Black: Out of curiosity, would you say that as your work progresses, is the Big Bang theory more and more validated or are there holes in this theory?

Basden: It’s not that there are holes in it. It’s validated. It’s just pieces that we don’t understand. There are always these strangers. We don’t really understand what 50-75% of the universe is made of, this dark matter. We don’t really understand what it is, where it comes from, how it interacts, so it’s knowing more and more about the universe, that’s the key.

Black: Okay, so the premise is valid, but it completes the picture, I see. Now can you give us a profile of the Dell server and cluster technologies you have implemented?

Basden: So we currently have two generations of systems that are supplied by Dell. We have a system that was installed in 2018, … series servers (Dell EMC PowerEdge C6420). And that happens for 500 knots of that. Then our most recent system was installed last year, in 2021, it is, again, similar servers, four servers in 2U. And it is Dell C6525 series (servers) with AMD EPYC chips inside. These are the ones with one terabyte of RAM per node.

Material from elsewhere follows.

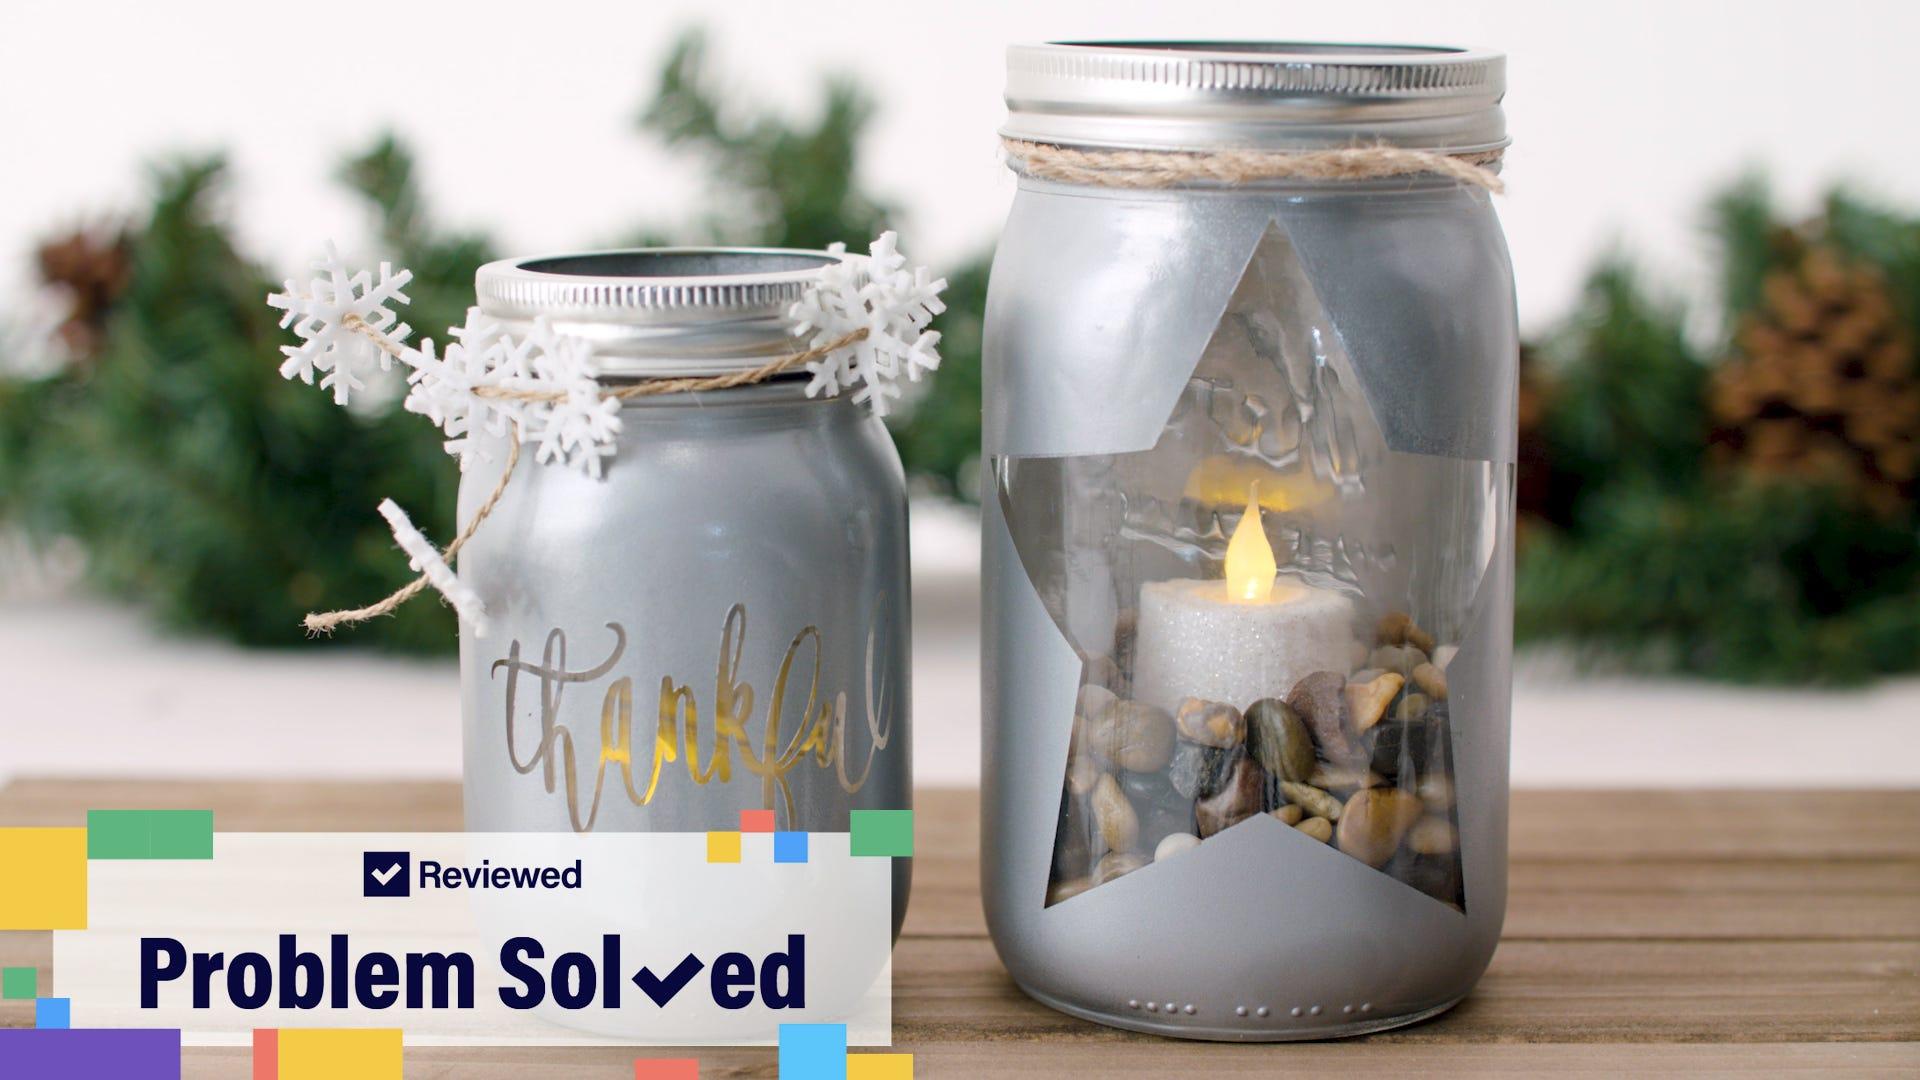 Make Mason jar lights as a holiday craft

We also have a smaller test cluster of 24 nodes, which we use to test new technologies. So that’s where the Bluefield testing is done, that’s where the Rockport (Networks) testing took place. And we’re looking at converting half of COSMA to this Rockport thing. So in terms of Dell kit they provide all the service for that, we also use Dell hardware for our storage. So we have multi-petabyte Luster file systems, which, again, run on Dell hardware.

Black: Ok, and tell us about your Center of Excellence partnership with Dell and the value of it to the organization and (to) the development of your HPC infrastructure.

Basden: One of the key things that (the partnership) gives us is access to Dell engineers, which allows us to get an idea of ​​what’s to come. That’s one of the reasons we were involved with Rockport before they went public. (Dell) put us in touch with Rockport through this Center of Excellence. And then we were able to start testing this type of kit. So it really gives us an early look at new technologies, interesting new technologies, things that are useful to us. And by doing that, we’re able to (give) feedback to Dell on how useful this kind of kit is and where we’d like future technologies to take us. So it’s a two-way street with benefits for both parties.

Black: OK. Well, it was a pleasure. We caught up with Dr Alistair Basden from COSMA HPC at Durham University in the UK. Alistair, thank you very much.